Both bugs are quite annoying and I'm not sure at this point how to resolve either of them. Microsoft certainly doesn't make it easy to report bugs against Windows.
I ran all these tests on a couple of different Windows 10 computers with the same version 20H2 19042.685. Drives in HF2-SU3S2 are configured as a Storage Spaces drive pool and a single-drive enclosure was a USB3 hard drive dock.

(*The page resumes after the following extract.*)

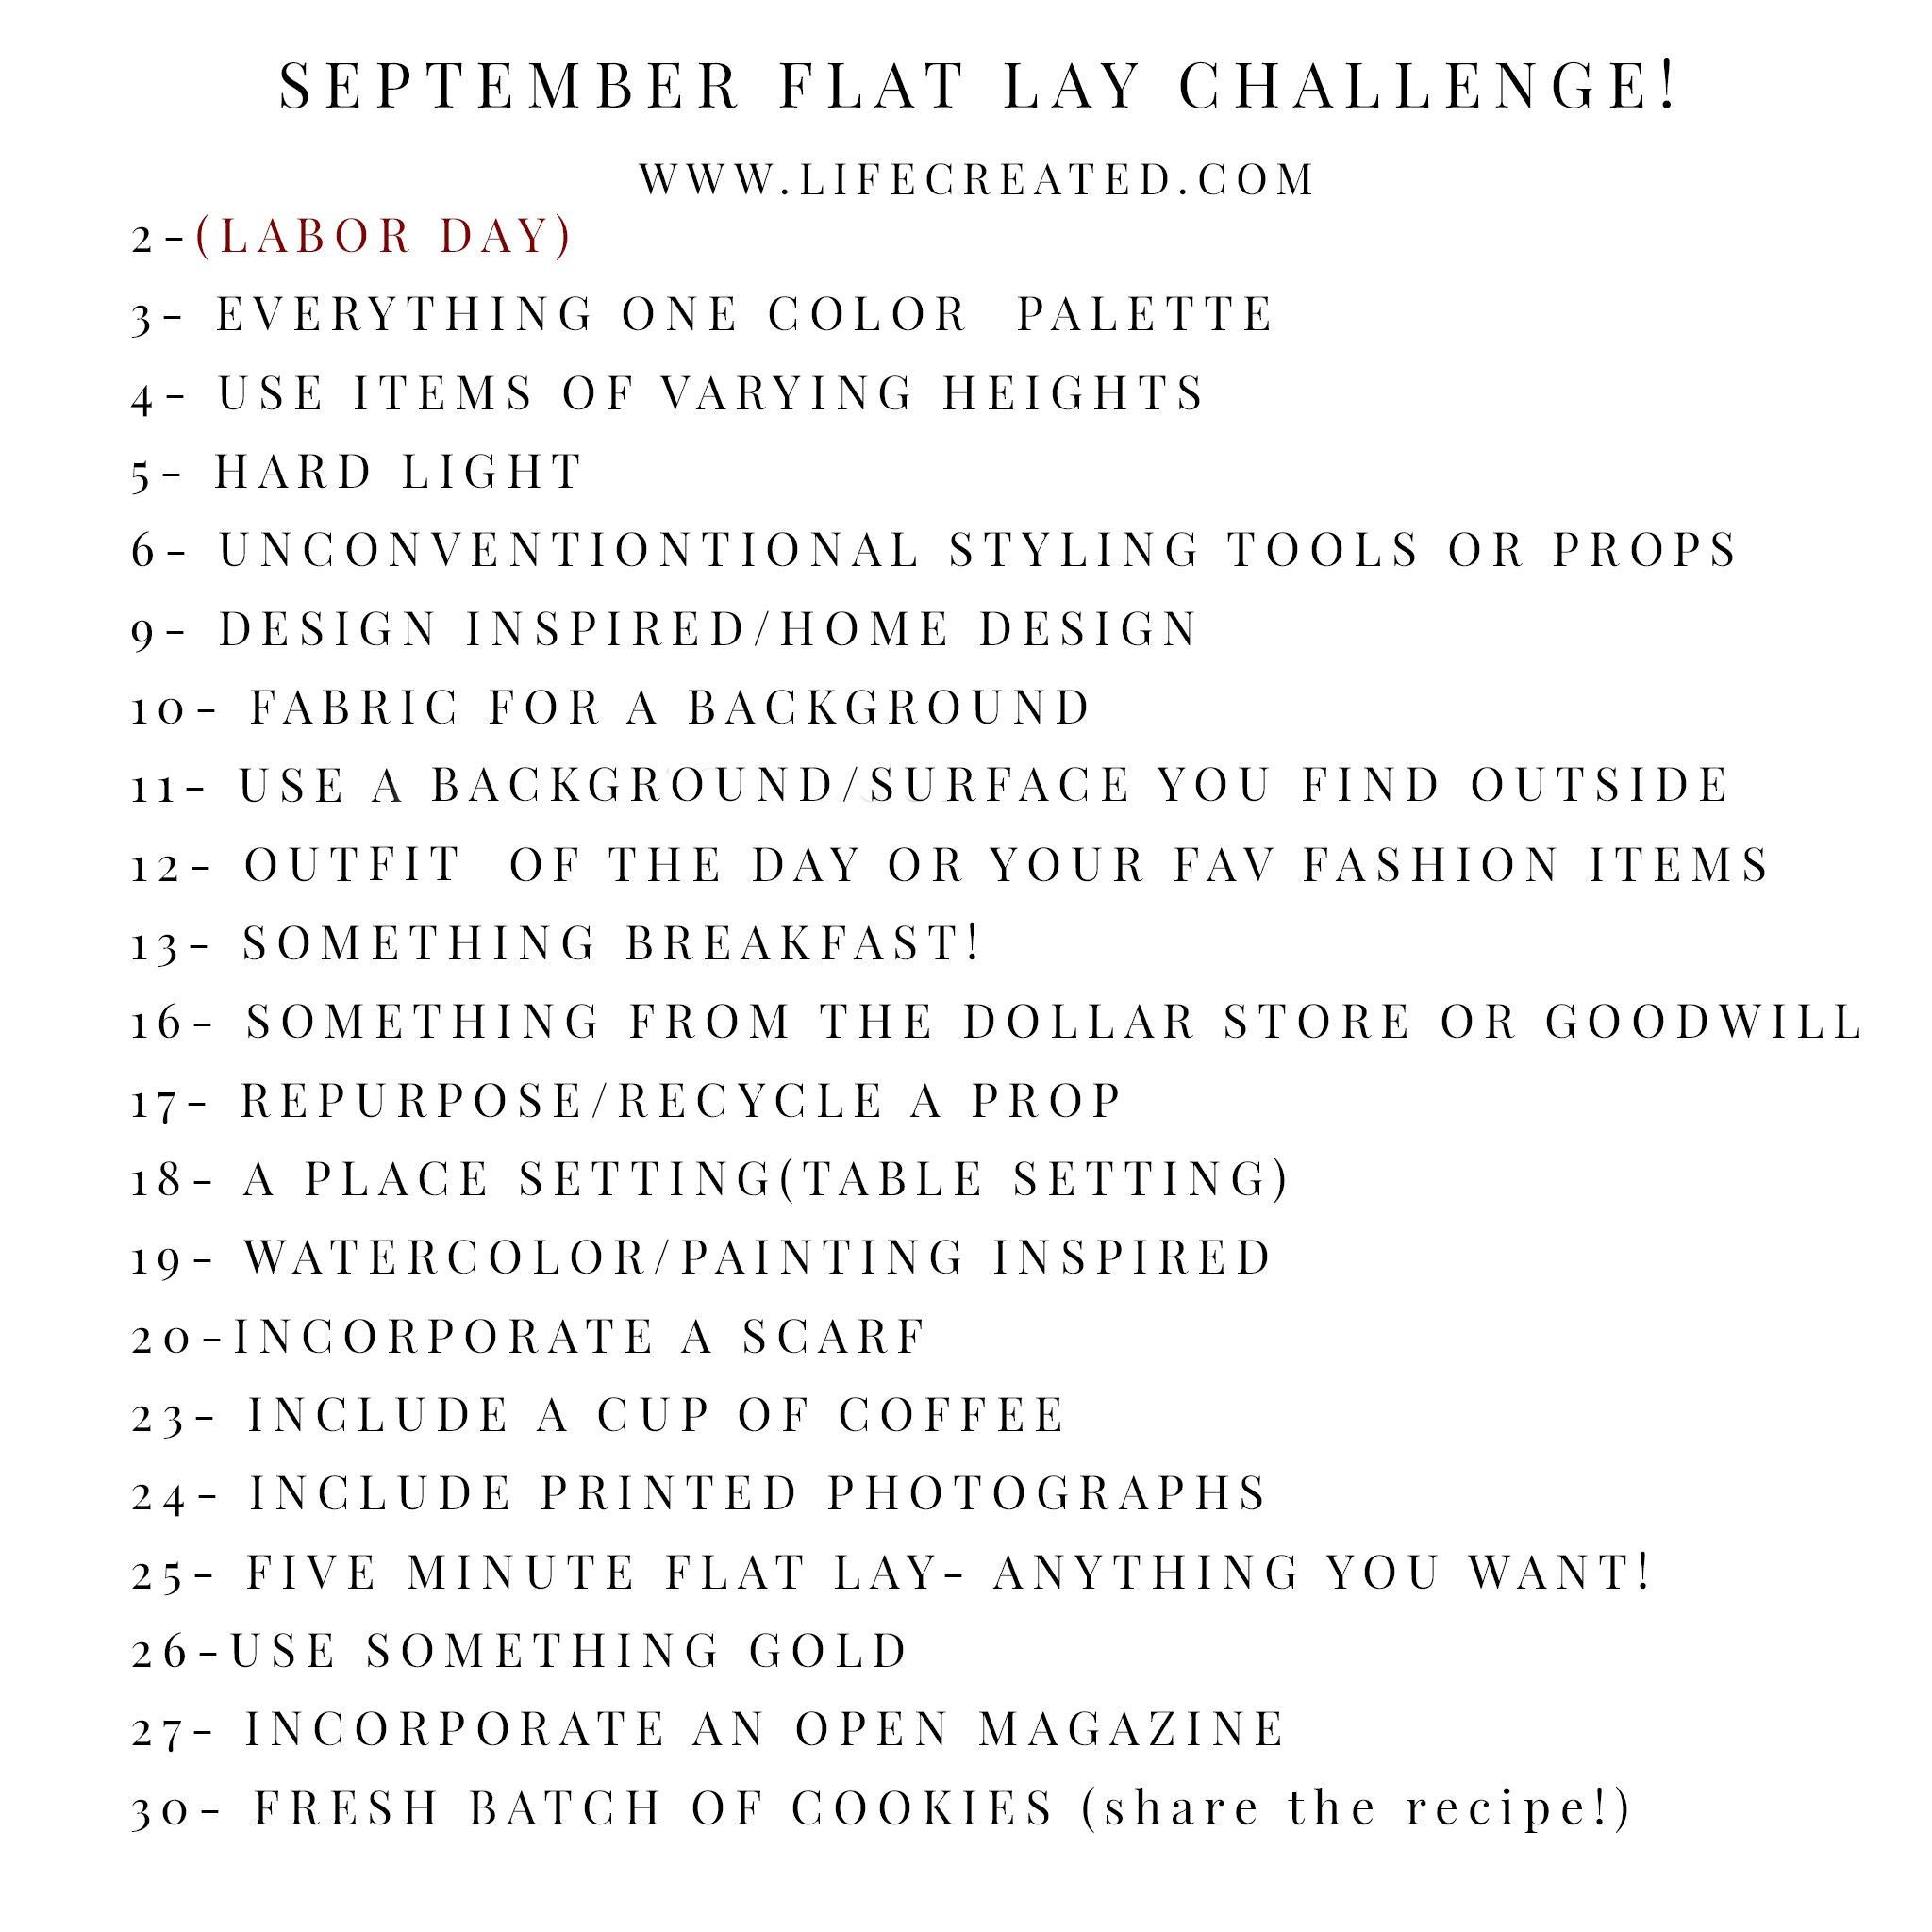 FLAT LAY CHALLENGE

I've just started to have the same errors pop up. Did you ever figure out a solution? I pulled the problem drive out of the Mediasonic Probox to copy data to a new drive before testing. This was done using a dual drive usb dock. I was able to copy all the files except for the corrupt ones. I then ran some tests on the the problem drive only to get the same errors after the Seatools longtest passed. No I'm really confused. I'm wondering if windows changed something during an update. I notice just before all this started that I had some defrag errors in event viewer on all the drives in the probox. I had never seen these errors before. I am suspecting a widows or driver issue.
You may be seeing unrelated problems. The error described in this post wasn't causing data loss in my setup. Mind you, though, my enclosure is set up not to power off automatically - that may indeed cause data loss.
I mostly use Linux tools to test drives and don't know what Seatools' long test does, but if it tests for bad sectors and didn't find anything, it would indicate that you are looking at data corruption caused by unfinished writes. For example, if the enclosure was powered off without using Windows safe remove.
Unfinished writes can be further subdivided onto file system corruption vs. file corruption. The former may report errors when trying to read/write files, while the latter will be evident trying to open files in their app (e.g. corrupt images, spreadsheets, etc).
Double-check bad sectors. If you find any, the best recovery tool is to use ddrescue on Linux. It's a command line tool, and it does a very intelligent recovery that maximizes chances of saving data.
If there are no bad sectors, look for what could cause unfinished writes - see if there are any events in the event log for NTFS and disk event types and look for general patterns when the drive could be detached without flushing buffers or just disappears (e.g. after sleep, enclosure auto shut-off, etc).